Anyone who has had a stem cell transplant may be eligible to participate, regardless of their age or gender. To qualify, patients must have specific issues related to their transplant, such as ongoing severe GVHD despite steroid treatment or low blood cell counts that last longer than expected after their transplant. Participants can expect to receive MSC infusions and will be monitored to see how well this treatment helps their condition. It’s important to note that this study is currently recruiting patients, and participants must give informed consent before joining.
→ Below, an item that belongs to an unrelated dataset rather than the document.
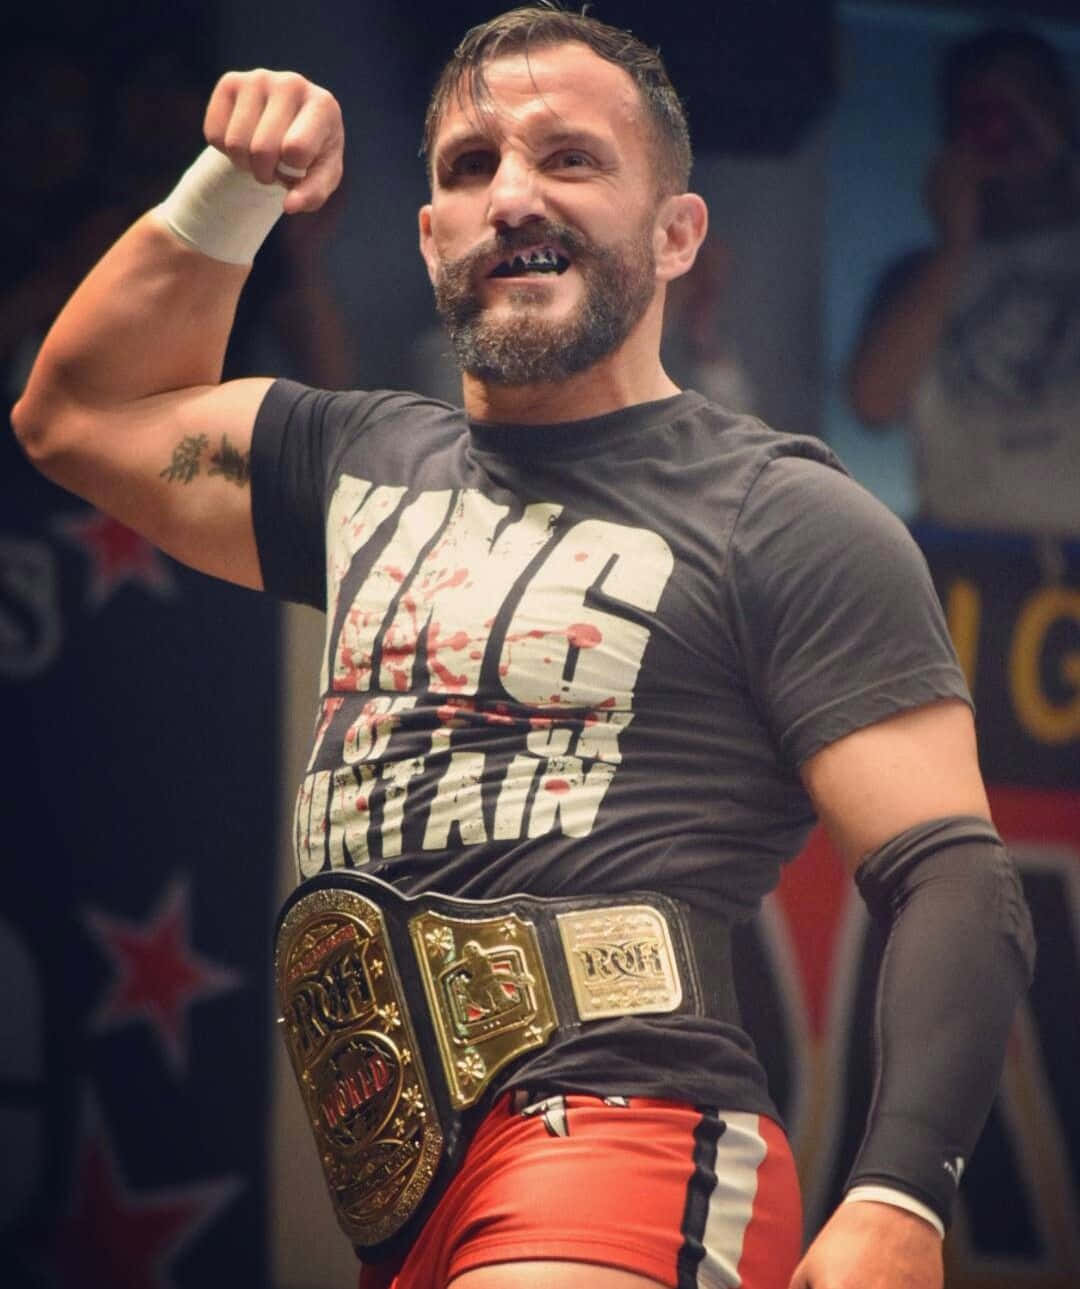 Professional wrestler Bobby Fish making a dynamic move in the ring. Wallpaper

If you or someone you know is facing these serious post-transplant complications, this trial could offer a new treatment option.

Gender

ALL

Eligibility criteria

• Inclusion Criteria:
• • Patient eligibility criteria
• • 1. Male or female of any age.
• • 2. Previous allogeneic transplantation (related or unrelated donor, any degree of HLA matching) or autologous transplantation (for part 2 only) of HSC at any time before.
• • 3. Any source of HSC (marrow, PBSC, cord blood) and any conditioning regimen.
• • 4. Informed consent given by donor or his/her guardian if of minor age.
• 5. Additional criteria for each part of the protocol:
• • Part 1: MSC for steroid-refractory grade II-IV acute GVHD
• • 1. Allogeneic transplantation.
• • 2. Grade II-IV acute GVHD (see appendix A for acute GVHD grading) de novo or following DLI.
• • 3. Acute GVHD refractory to mPDN 2 mg/kg/day or equivalent, defined as
• • progression of GVHD on day 3 after initiation of steroids
• • no improvement of GVHD on day 7 after initiation of steroids
• • absence of complete resolution of acute GVHD on day 14 after initiation of steroids
• • relapse of acute GVHD during or after steroid taper.
• • 4. Ongoing therapy with Ciclosporine or Tacrolimus at therapeutic doses.
• • 5. Patient may have received previously any other form of treatment for acute GVHD, but no new treatment started within 1 month of study entry.
• • Part 2: MSC for poor graft function (PGF)
• • 1. Allogeneic or autologous transplantation.
• 2. Cytopenia in 2 or 3 lineages:
• • Hb \< 8.0 g/dL and reticulocytes \< 1%, with or without transfusion
• • Plt \< 20,000/µL without transfusion
• • Neutrophils \< 500/µL, without G-CSF administration
• OR severe cytopenia in 1 lineage:
• • RBC transfusion dependent (if autologous transplantation; despite EPO administration if allogeneic transplantation)
• • Plt transfusion dependent
• • Neutrophils \< 500/µL despite G-CSF administration
• • 3. Cytopenia duration ≥ 2 weeks beyond day 28 after autologous HCT, or day 42 (day 60 for cord blood transplantation) after allogeneic HCT.
• • 4. Cytopenia is not related to CMV or other infection, myelosuppressive/toxic drugs, renal failure, peripheral cell destruction or other identifiable cause.
• • 5. In case of HLA-identical related donor and full donor chimerism, patient can only be included if a boost of donor CD34+ cells has been unsuccessful or is not feasible.
• • Part 3: MSC + DLI for poor donor T-cell chimerism
• • 1. Nonmyeloablative allogeneic transplantation.
• • 2. Donor T-cell chimerism \< 50% for at least 2 consecutive weeks beyond day 21 after HCT OR
• • 20% decrease in donor T-cell chimerism with the second value \< 50%.
• • MSC donor inclusion criteria
• • 1. Related to the recipient (sibling, parent or child) or unrelated.
• • 2. Male or female.
• • 3. Age \> 16 yrs (no age limit if same as HSC donor).
• • 4. No HLA matching required.
• • 5. Fulfills generally accepted criteria for allogeneic HSC donation.
• • 6. Informed consent given by donor or his/her guardian if of minor age.
• Exclusion Criteria:
• • Patient exclusion criteria
• • 1. HIV positive.
• • 2. Active uncontrolled infection at time of scheduled MSC infusion.
• • 3. Relapsing or progressing malignancy.
• • MSC donor exclusion criteria
• • 1. HIV positive
• • 2. Known allergy to Lidocaine
• • 3. If donor other than HSC donor : any risk factor for transmissible infectious diseases.